The computing power rental market is booming. H100 GPU one-year lease prices rose from $1.70 per card per hour in October 2025 to $2.35 by March 2026, a ~40% increase. Delivery lead times have extended to Q2 2027 for H200 and Q1 2027 for H100 GPUs.
In one of the largest deals of its kind, Anthropic leased the entire Colossus 1 data center from SpaceX — a facility with over 220,000 NVIDIA GPUs and 300 MW of power capacity. The company has also signed approximately 5 GW of compute supply agreements with Amazon and Google/Broadcom, plus a ~$300 billion compute contract with Microsoft Azure, representing total compute commitments in the hundreds of billions of dollars.

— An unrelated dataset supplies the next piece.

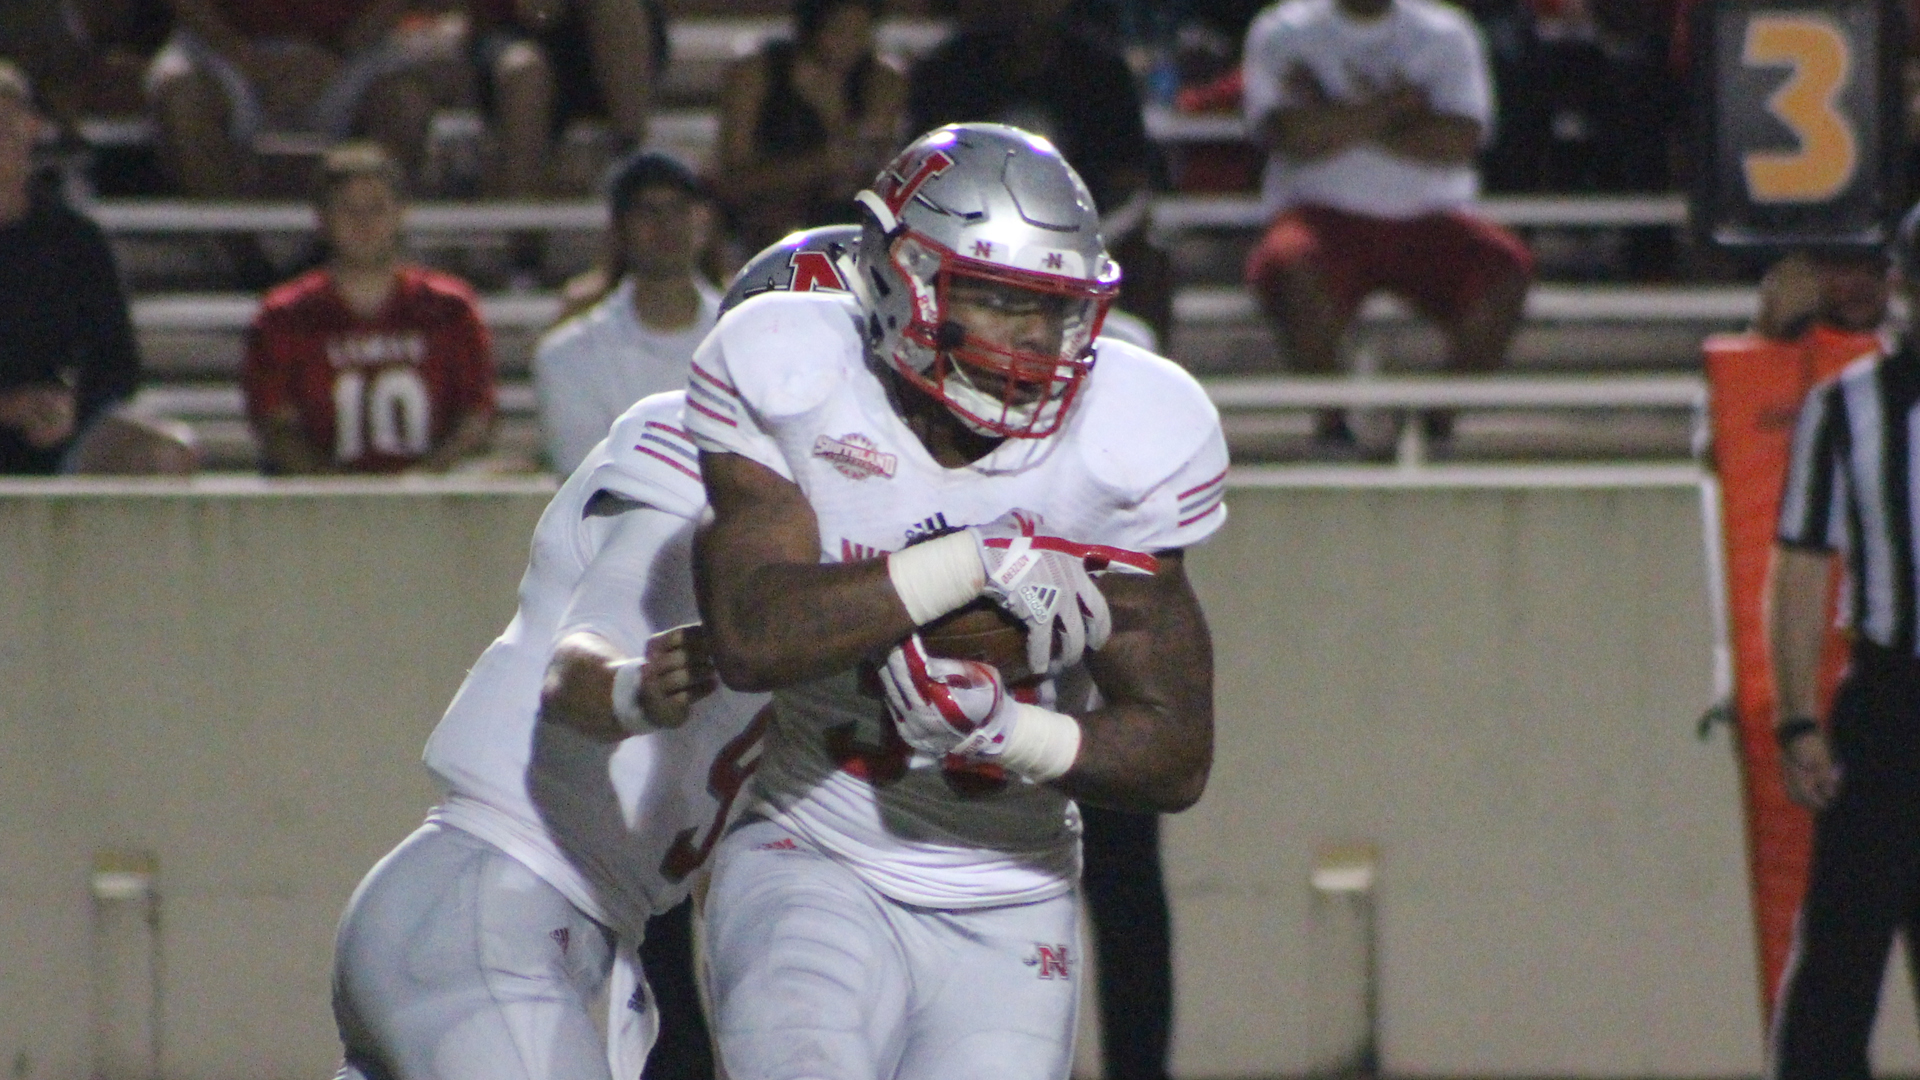 Running game powers Colonels past Lamar, 41-14
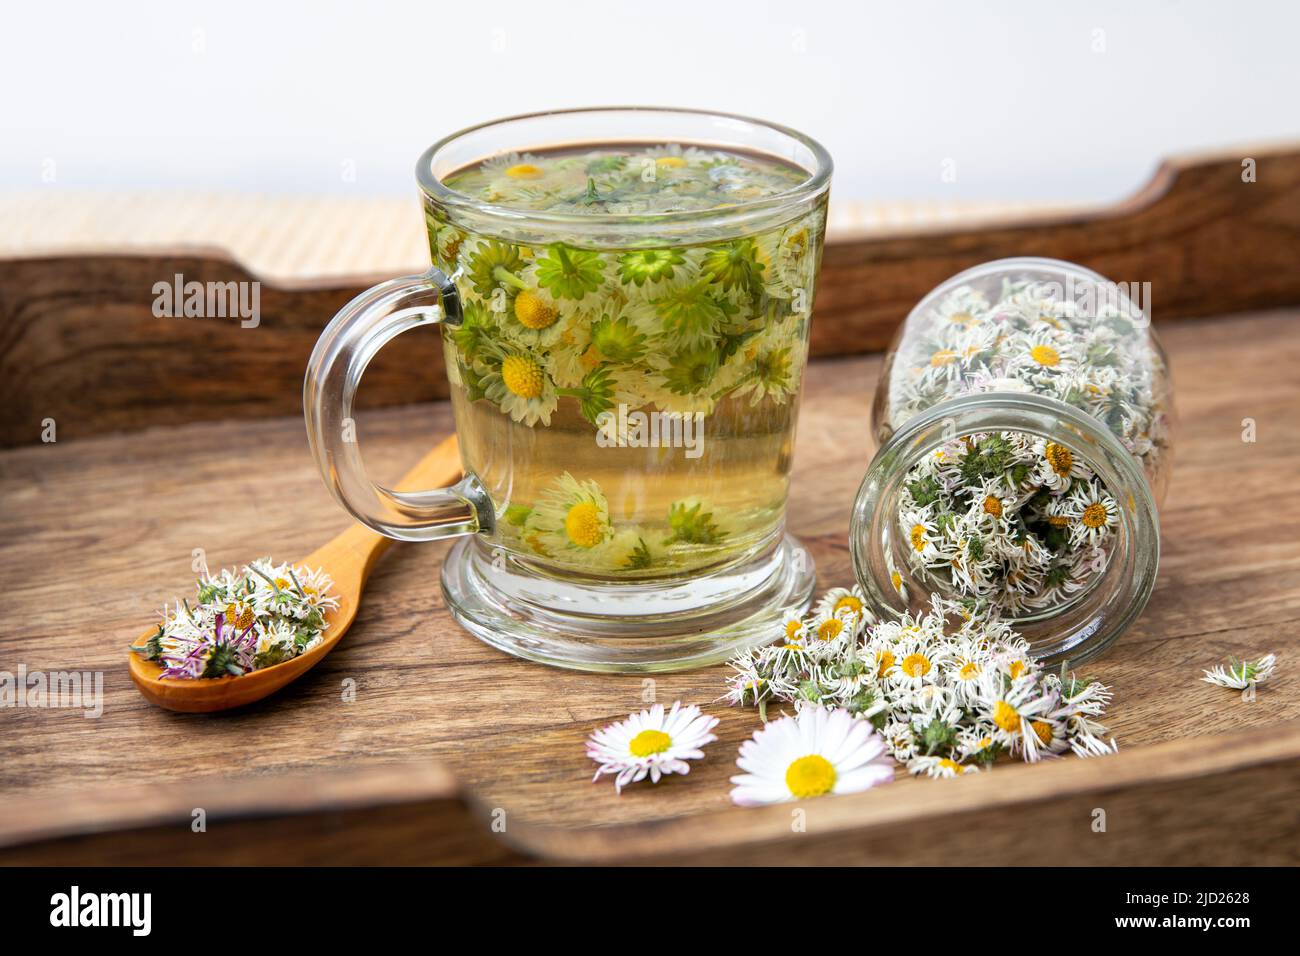 Dried herbal medicinal plant Common Daisy, also known as Bellis Perennis. Dry flower blossoms in glass jar and and herbal tea in glass, indoors still Stock Photo

China’s Strategic Response: From “Selling Compute” to “Selling Tokens”
China is pursuing a multi-pronged strategy to address the token shortage. The “East Data West Computing” national initiative is accelerating, relocating data processing from crowded coastal cities to energy-rich western regions. In 2026, “computing power and electricity synergy” appeared in the central government work report for the first time.
China’s three major telecom operators have all entered the token business. Shanghai Telecom launched token computing service at 1 yuan per 250,000 tokens, while China Mobile Shanghai offers 1 yuan per 400,000 tokens. This represents a fundamental evolution from commodity hardware rental to value-added AI service provision — from “selling compute” to “selling tokens.”
Northwest China is emerging as a cost-effective AI computing hub. Xinjiang and Gansu provinces leverage cheap green power — roughly one-third the price of coastal industrial electricity — and cool climates to lower operating costs by over 40% compared to eastern China. Huawei’s Ascend 384 supernode clusters and Enflame AI chips are being deployed at scale in these regions.
“Just as oil is the lifeblood of industry, tokens are the most fundamental fuel for AI development,” said Tang Shuheng, head of the Xinjiang International Integrated Supercomputing Center.
Analysis: Computing Power as Strategic Resource
The token shortage signals a deeper structural transformation. Computing power is becoming a foundational strategic resource akin to water and electricity. The AI industry is transitioning from a “free access” model to a “pay-per-token” utility model, with profound implications for who can afford to participate in the AI revolution.
Global tech giants’ combined AI capital expenditure in 2026 is projected at $725 billion. Yet the “compute divide” between companies with access to massive GPU clusters and those without is widening. NVIDIA’s upcoming Vera Rubin platform, promising 10x performance-per-watt over Blackwell, may ease supply constraints, but domestic Chinese chips still face a significant software ecosystem gap with CUDA.
What to Watch For
In the near term, token prices will likely continue rising as demand outpaces supply. The computing power rental market will consolidate toward major players. China’s telecom operators will expand token-as-a-service offerings, while northwest computing hubs could contribute up to 70% of new data center orders by 2027.
Longer term, edge computing, more efficient model architectures (Mixture of Experts), and domestic chip maturation could reshape the landscape. But one thing is clear: the era of free, unlimited AI access is ending. In the intelligent age, tokens are the new oil — and the world is just beginning to feel the pinch.